# WORK INSTRUCTIONS
Span requested from the data below: the line with "Audi R8 Blueprint Throw" through the line with "Protokoll der Verhandlungen", both included. Give only these lines again, exactly, and leave every picture out.

# EXERCISE DATA
Segment Open
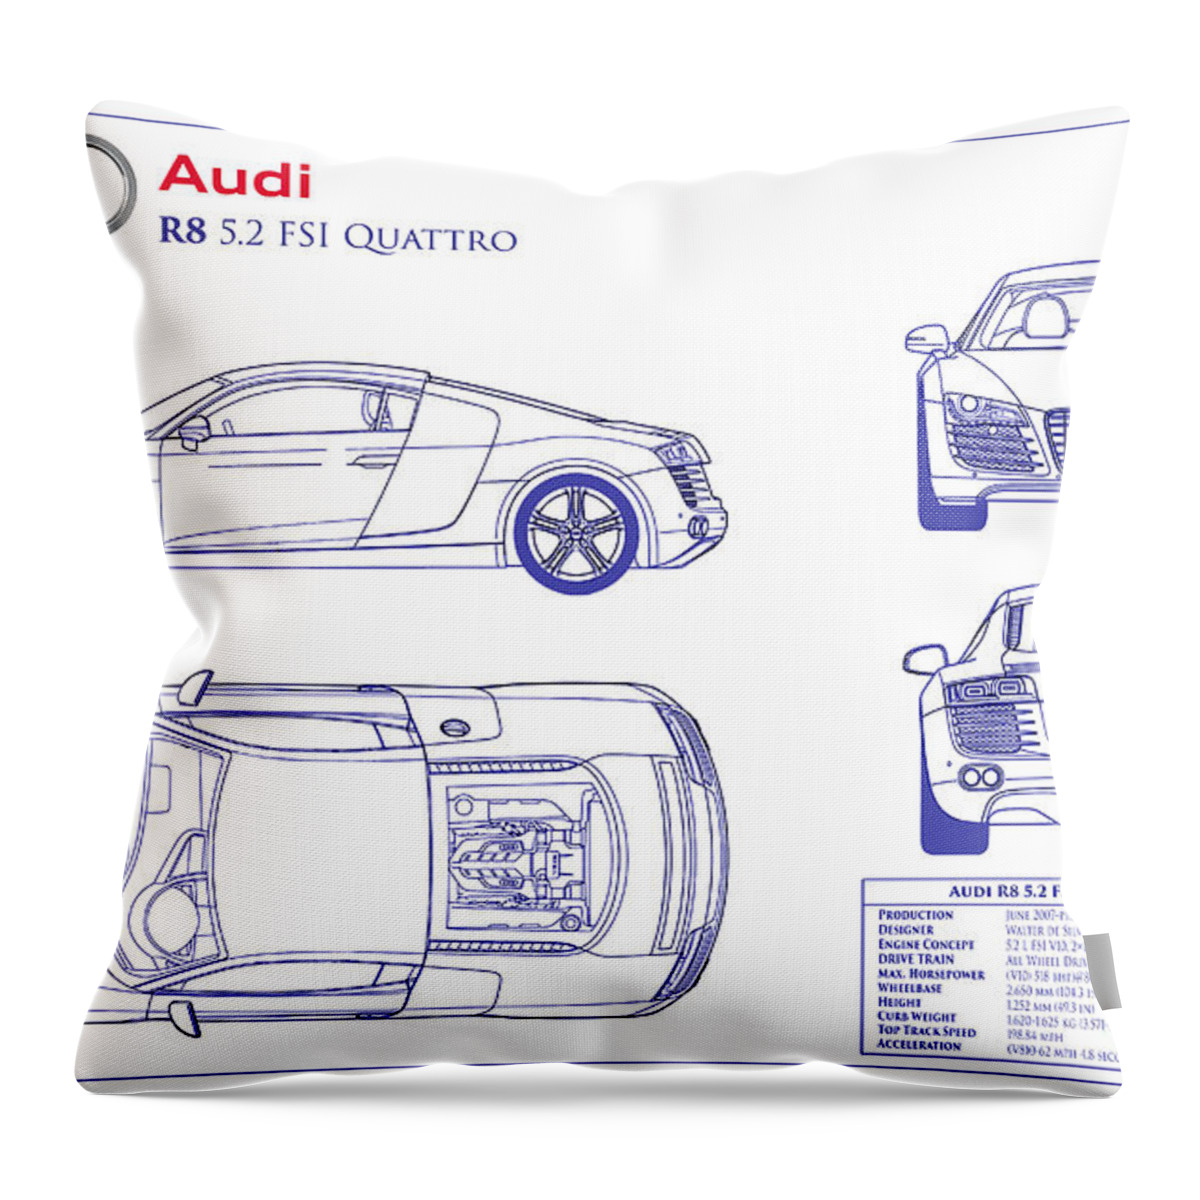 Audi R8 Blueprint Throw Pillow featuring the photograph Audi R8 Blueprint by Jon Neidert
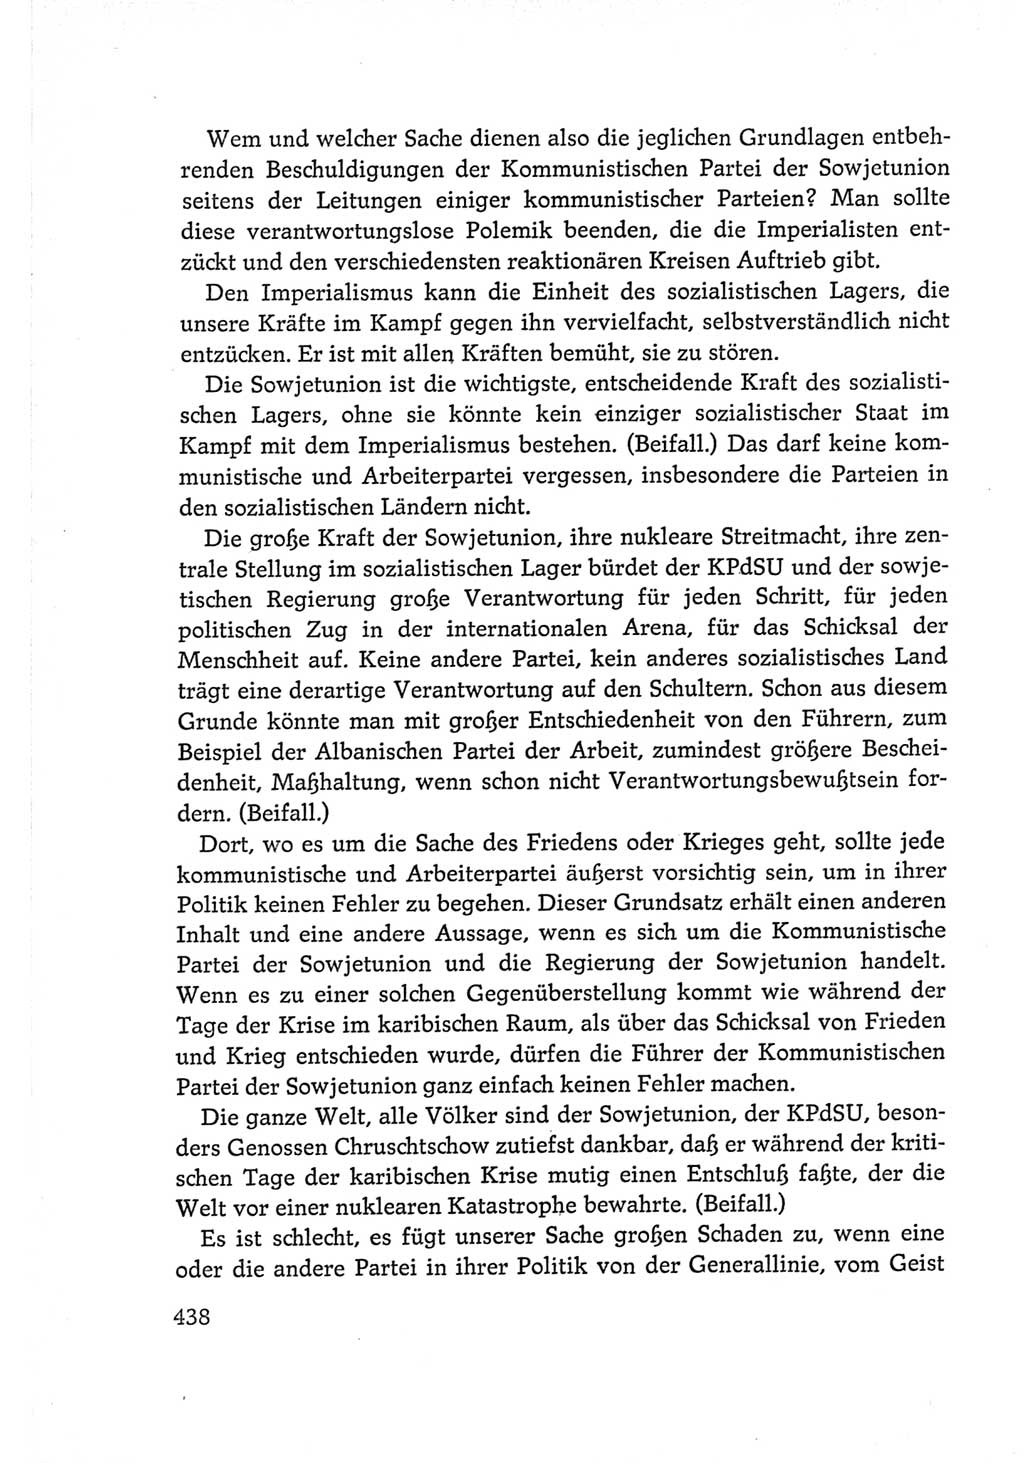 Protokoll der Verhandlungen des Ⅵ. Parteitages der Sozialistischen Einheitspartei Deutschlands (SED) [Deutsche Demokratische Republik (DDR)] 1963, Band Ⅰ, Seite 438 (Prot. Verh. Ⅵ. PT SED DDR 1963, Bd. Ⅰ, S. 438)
Segment Closed
Segment Open
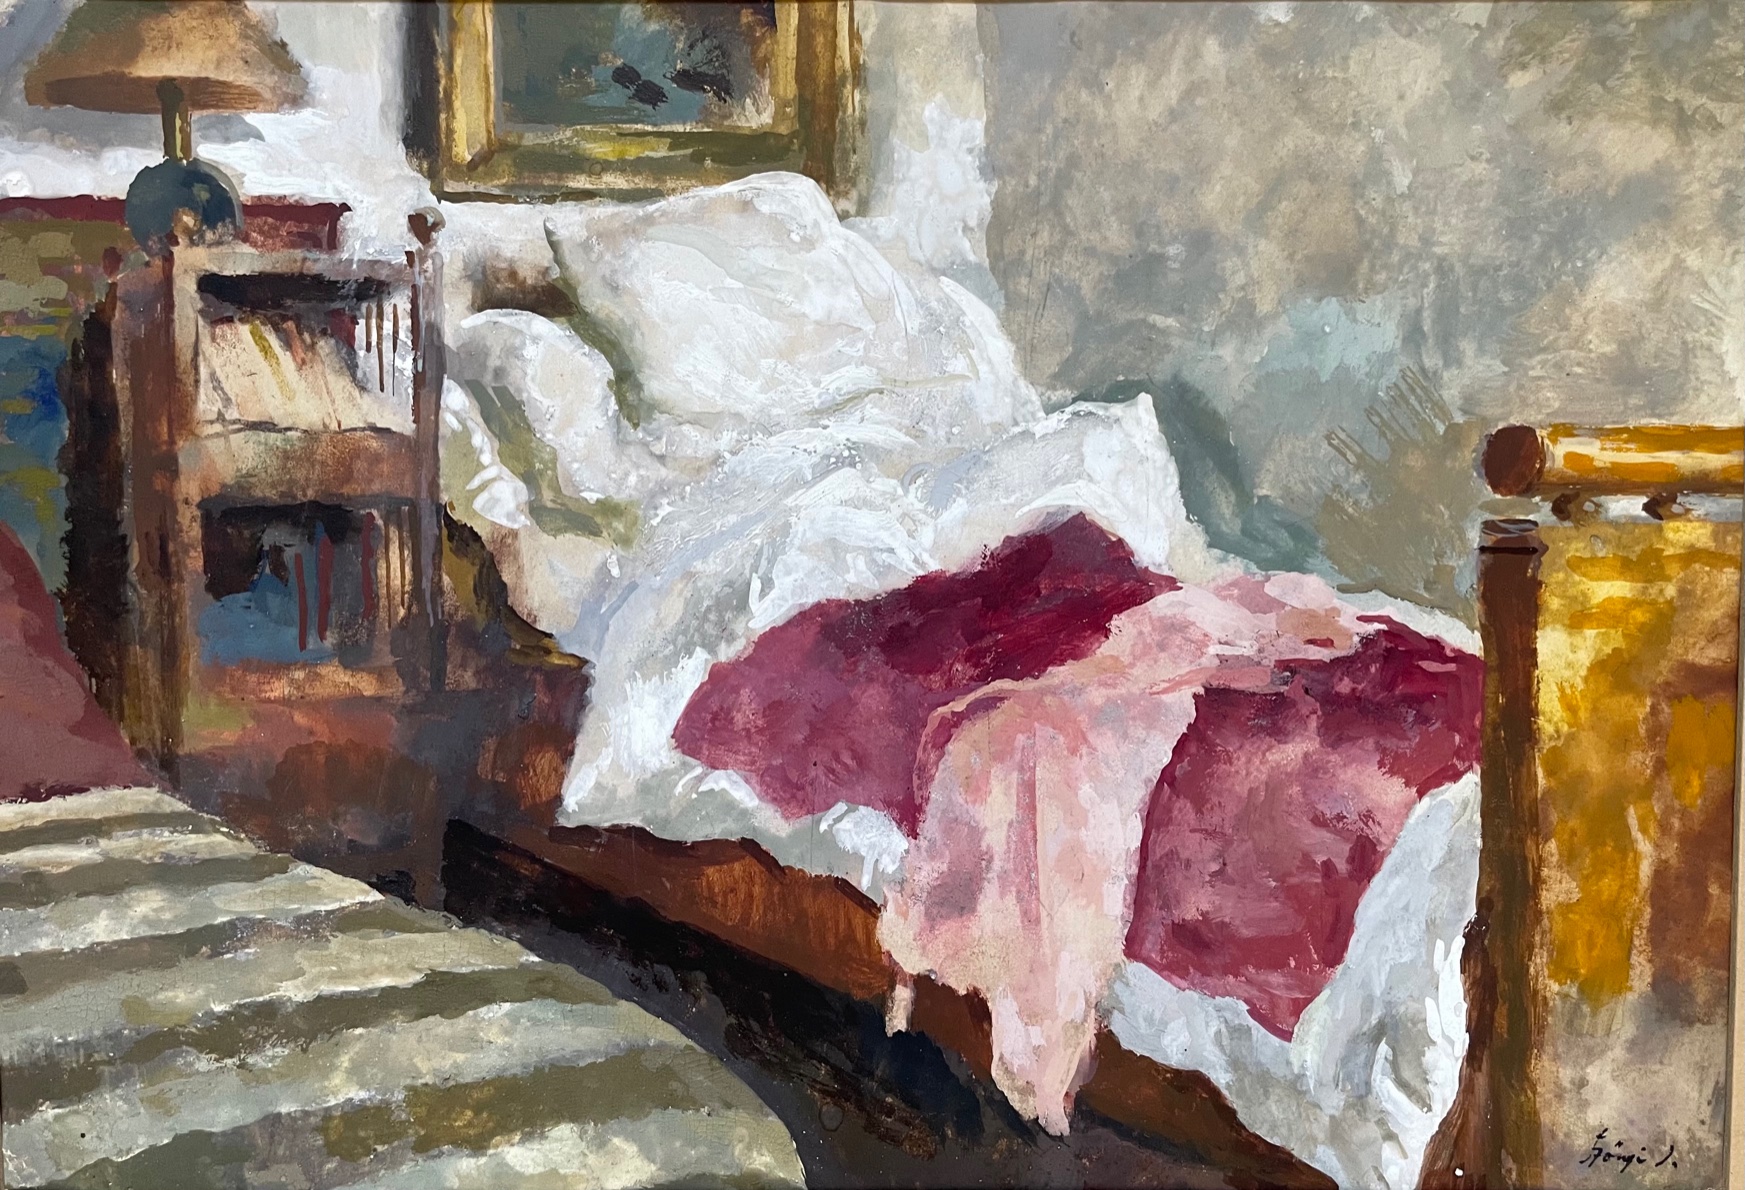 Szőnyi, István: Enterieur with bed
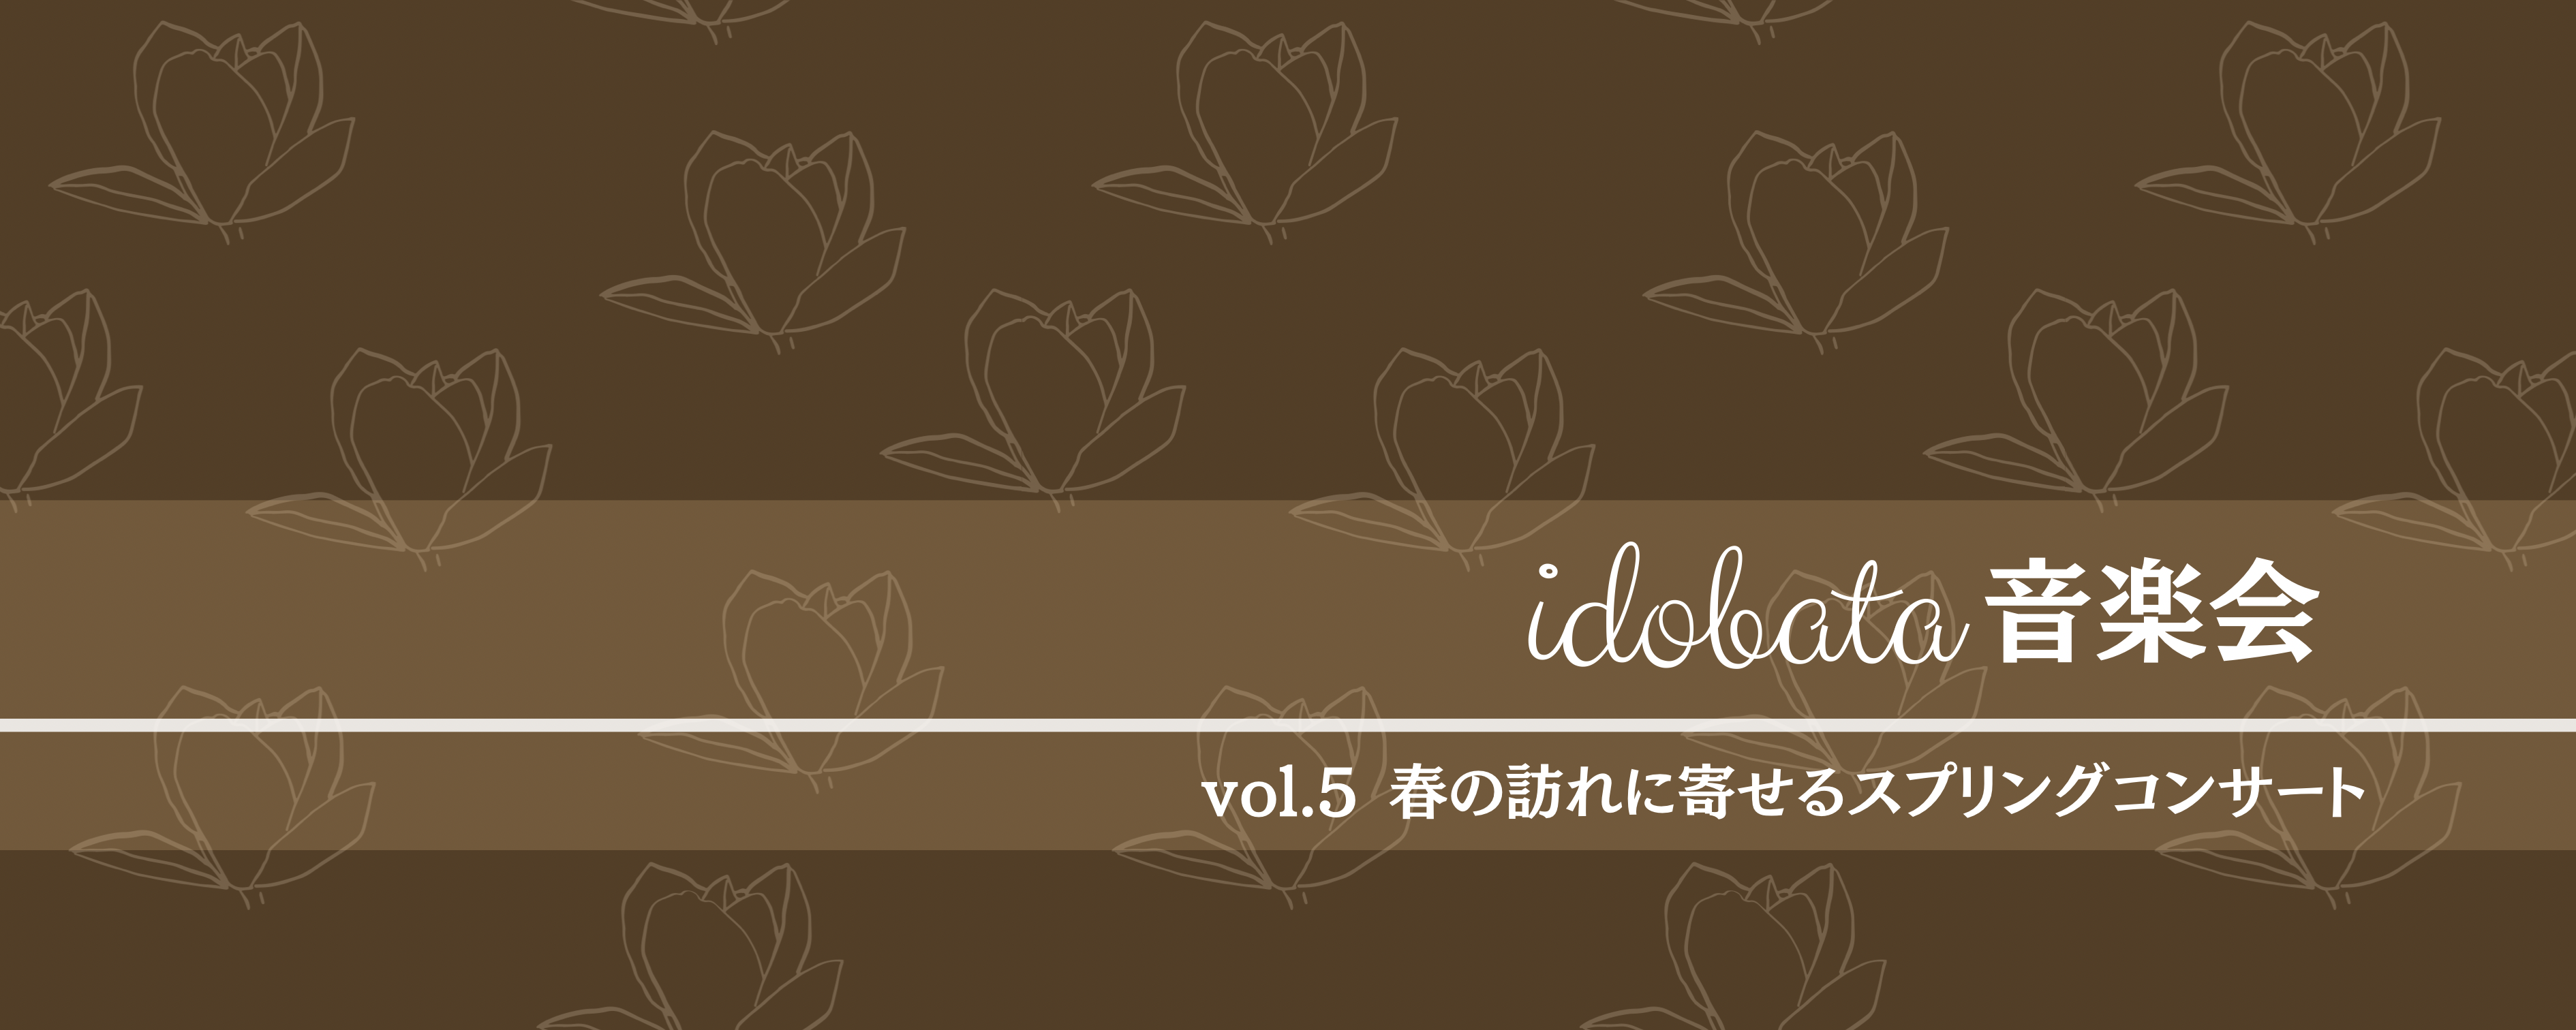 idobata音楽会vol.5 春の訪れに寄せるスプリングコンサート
Segment Closed
Segment Open
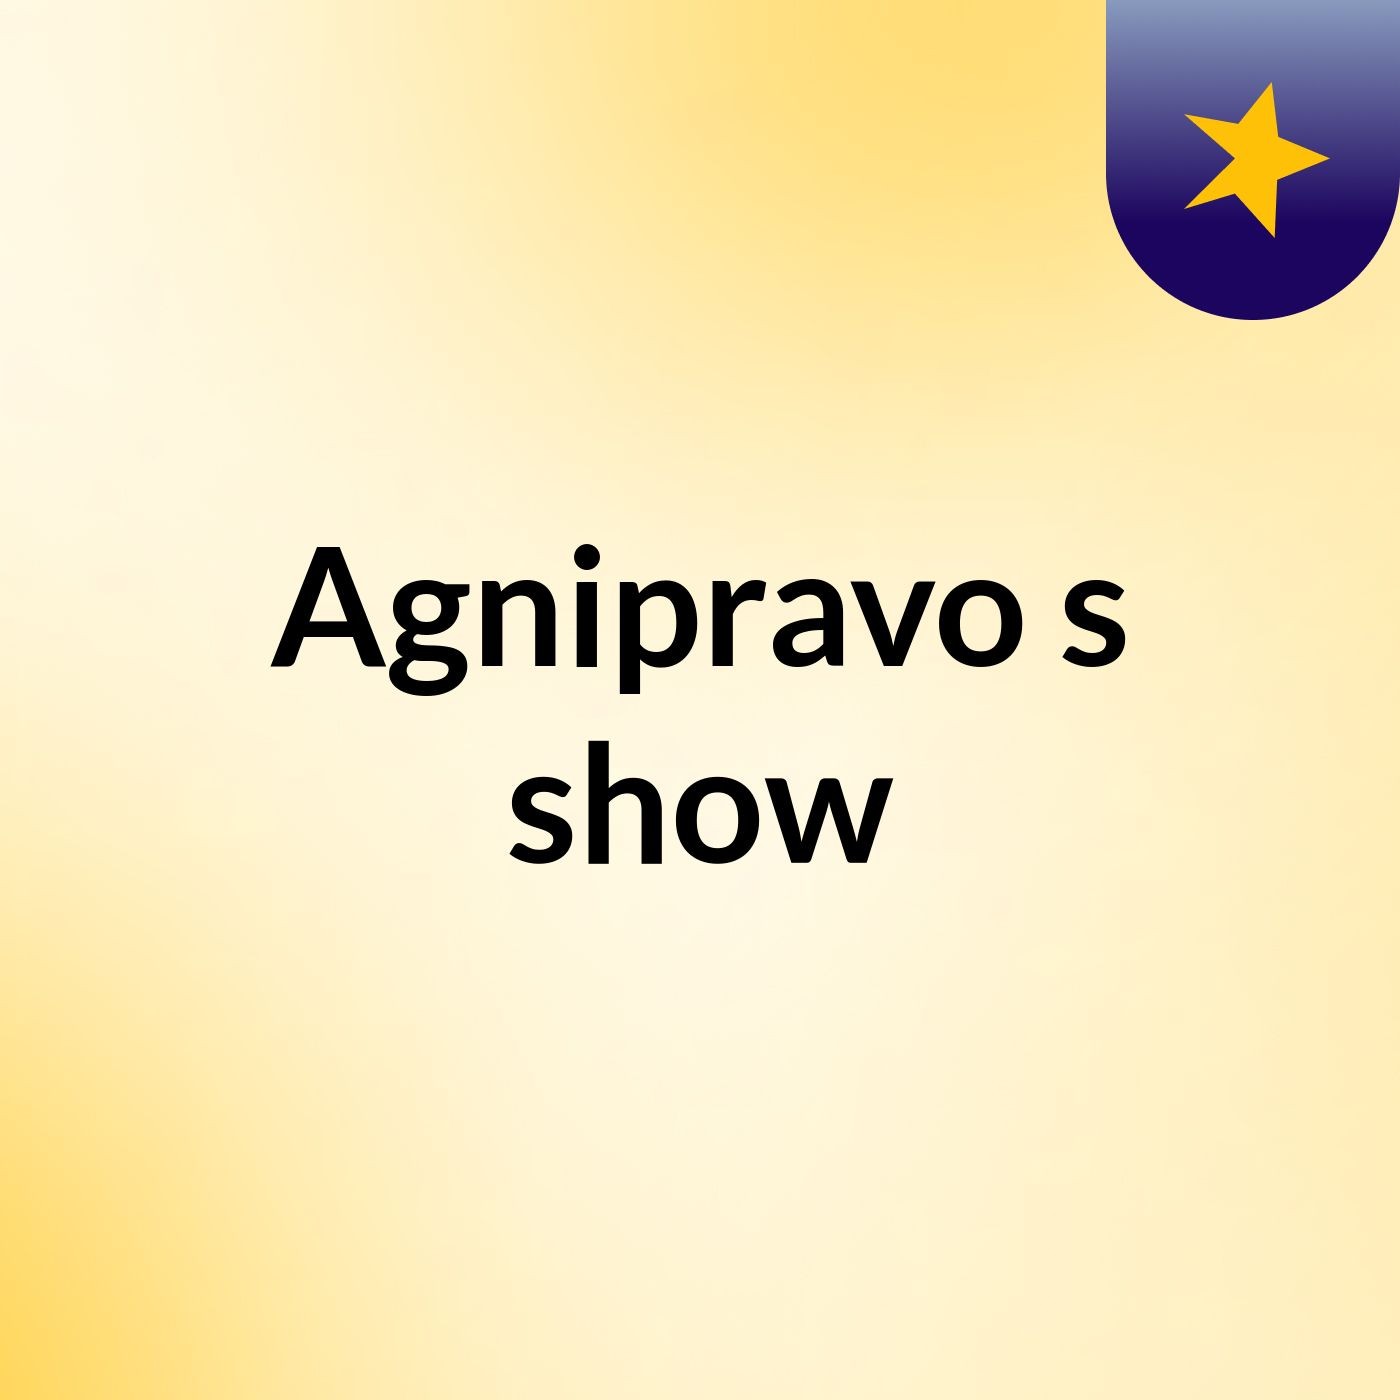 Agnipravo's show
Segment Closed
# RESULT
 Audi R8 Blueprint Throw Pillow featuring the photograph Audi R8 Blueprint by Jon Neidert
 Protokoll der Verhandlungen des Ⅵ. Parteitages der Sozialistischen Einheitspartei Deutschlands (SED) [Deutsche Demokratische Republik (DDR)] 1963, Band Ⅰ, Seite 438 (Prot. Verh. Ⅵ. PT SED DDR 1963, Bd. Ⅰ, S. 438)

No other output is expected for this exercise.